Brexit: Londres prolonge ses assouplissements pour les saisonniers agricoles étrangers
Le gouvernement britannique a annoncé le 24 décembre l'extension jusqu'à la fin 2024 des assouplissements en vigueur pour permettre le recours aux travailleurs saisonniers agricoles étrangers, mais a exigé un plan de la part du secteur pour rompre sa dépendance à cette main-d'oeuvre. Moins d'un an après l'entrée en vigueur du Brexit, le Royaume-Uni avait déjà dû assouplir sa politique migratoire en septembre en raison de problèmes d'approvisionnements, accordant 10.500 visas de trois mois à des travailleurs de secteurs comme le transport routier ou les élevages de volailles. Selon l'extension annoncée le 24 décembre, qui concerne les travailleurs saisonniers dans les secteurs du maraîchage et de l'horticulture, 30.000 visas pouvant aller jusqu'à six mois seront disponibles avec une extension jusqu'à 40.000 si nécessaire, selon un communiqué du gouvernement britannique. Le nombre de visas diminuera à partir de 2023, «et le secteur devra améliorer salaires et conditions» de travail, souligne le communiqué, dans la lignée du virage vers une économie post-Brexit fondée sur de hauts salaires et de hautes compétences promis par le Premier ministre Boris Johnson.
Porc: la taxe d'équarrissage généralisée contre l'avis de la Cooperl (JO)

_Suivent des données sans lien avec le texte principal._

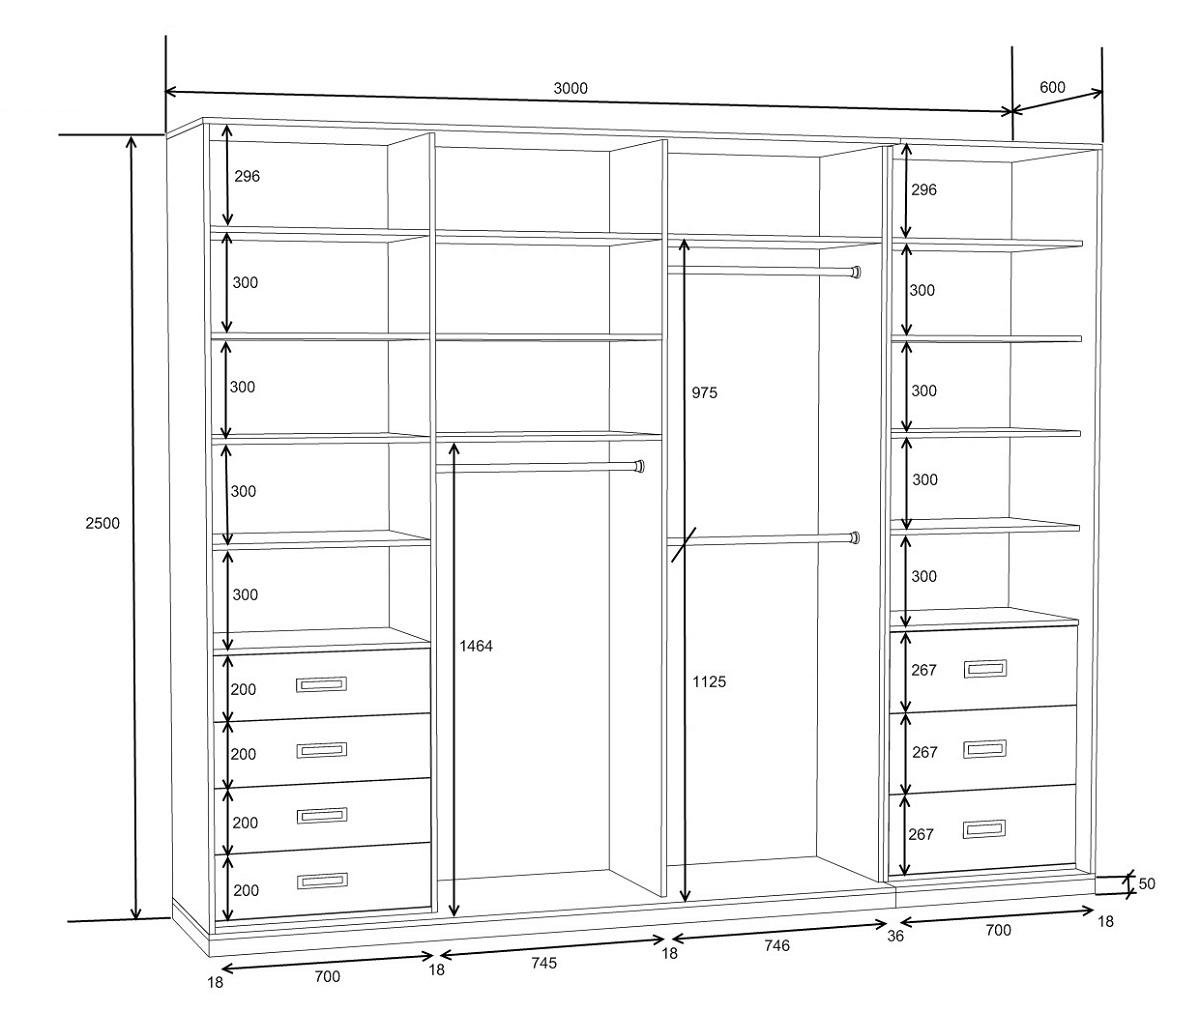 Чертежи шкафов: Шкаф-купе своими руками - чертежи описание (56 фото): проект и схема с размерами, пошаговая инструкция

Comme annoncé par le ministre de l'Agriculture en novembre, deux arrêtés sont parus au Journal officiel (JO) le 24 décembre qui étendent à l'ensemble de la filière la cotisation volontaire obligatoire (CVO) finançant le système d'équarrissage. Les accords «amont» et «aval» sont ainsi «étendus» aux entreprises non adhérentes de l'interprofession. C'est notamment le cas de la Cooperl, premier abatteur français, qui a quitté l’interprofession porcine en novembre 2020 et avait annoncé sa volonté de quitter l'association d'équarrissage ATM (pour «animaux trouvés morts») en 2022. Suite à cette annonce, l'interprofession avait rendu la cotisation ATM obligatoire aux adhérents de l'interprofession à partir de 2022, et demandé au ministère de l'Agriculture d'étendre la règle à toute la filière. La Cooperl avait fait paraître début octobre une lettre ouverte au ministre, arguant que l'extension de la CVO à l'ensemble des entreprises «aurait pour effet de protéger les rentes de situation établies et d'entraver toute innovation de rupture». Le groupe compte «valoriser sous forme de biocarburants les graisses issues des animaux qui meurent accidentellement en élevages»; son usine «sortira de terre en 2023», précisait-t-il dans Ouest-France.